Nearly 3,000 small biotech companies across the US have been awarded grants and tax credits totalling $1bn. The government money was earmarked under the healthcare reform legislation for new therapeutic discovery projects.

The grants and credits, which are jointly known as the Therapeutic Discovery Project, were announced by secretary of the treasury Tim Geithner, secretary of health and human services Kathleen Sebelius, and National Institutes of Health (NIH) director Dr Francis Collins.

"These grants will help make sure our companies, entrepreneurs and workers can continue to invest and innovate, which will strengthen our economy now and far into the future," Geithner said.

Sebelius said the funding would allow companies "to hire more staff, improve facilities and move forward with research projects that might otherwise have been put on hold." The funding is intended in part to keep the biotech companies from moving their research activities overseas, she added.

The government reviewed 4,606 applications from biotech companies and awarded grants and credits to 2,923 companies specialising in biotechnology and medical research in 47 states and the District of Columbia.

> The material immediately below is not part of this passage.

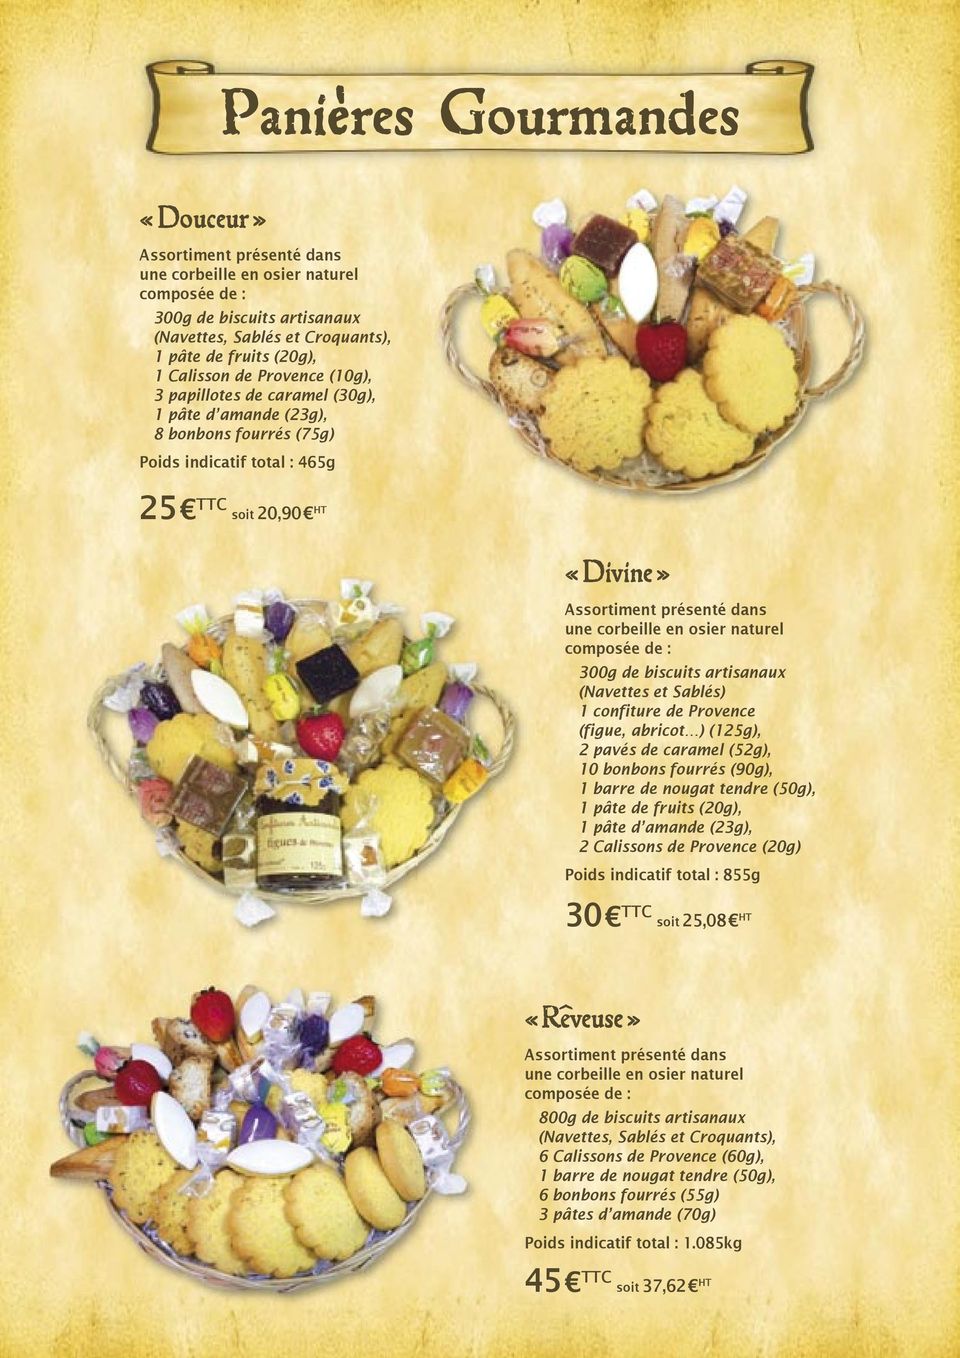 biscuits artisanaux (Navettes et Sablés) 1 confiture de Provence (figue, abricot ) (125g), 2 pavés de caramel (52g), 10 bonbons fourrés (90g), 1 pâte de fruits (20g), 1 pâte d amande (23g), 2

The grant funding is aimed at supporting research that shows significant potential to produce new therapies, address unmet medical needs, reduce the long-term growth of healthcare costs, or advance the goal of curing cancer within the next 30 years. 

The tax credits cover up to half the cost of qualifying research and are only available to companies that employ fewer than 250 people.  The credits can be applied to investments made in 2009 and 2010. 

Biotechnology Industry Organization (BIO) president and CEO Jim Greenwood released a statement praising the programme. "With capital markets frozen during these uncertain economic times, this programme provides a critical lifeline for innovative biotechnology companies," he said, noting that the number of public US biotech companies has declined by almost a third over the last several years. 

He added that in a recent survey conducted by BIO, two-thirds of the small biotech companies polled said that the opportunity to apply for the program made them more likely to keep their companies' operations in the US.

"We now call on Congress and the Administration to work together to extend and expand the Therapeutic Discovery Project to support continued American innovation and accelerate the development of life-saving cures," Greenwood said.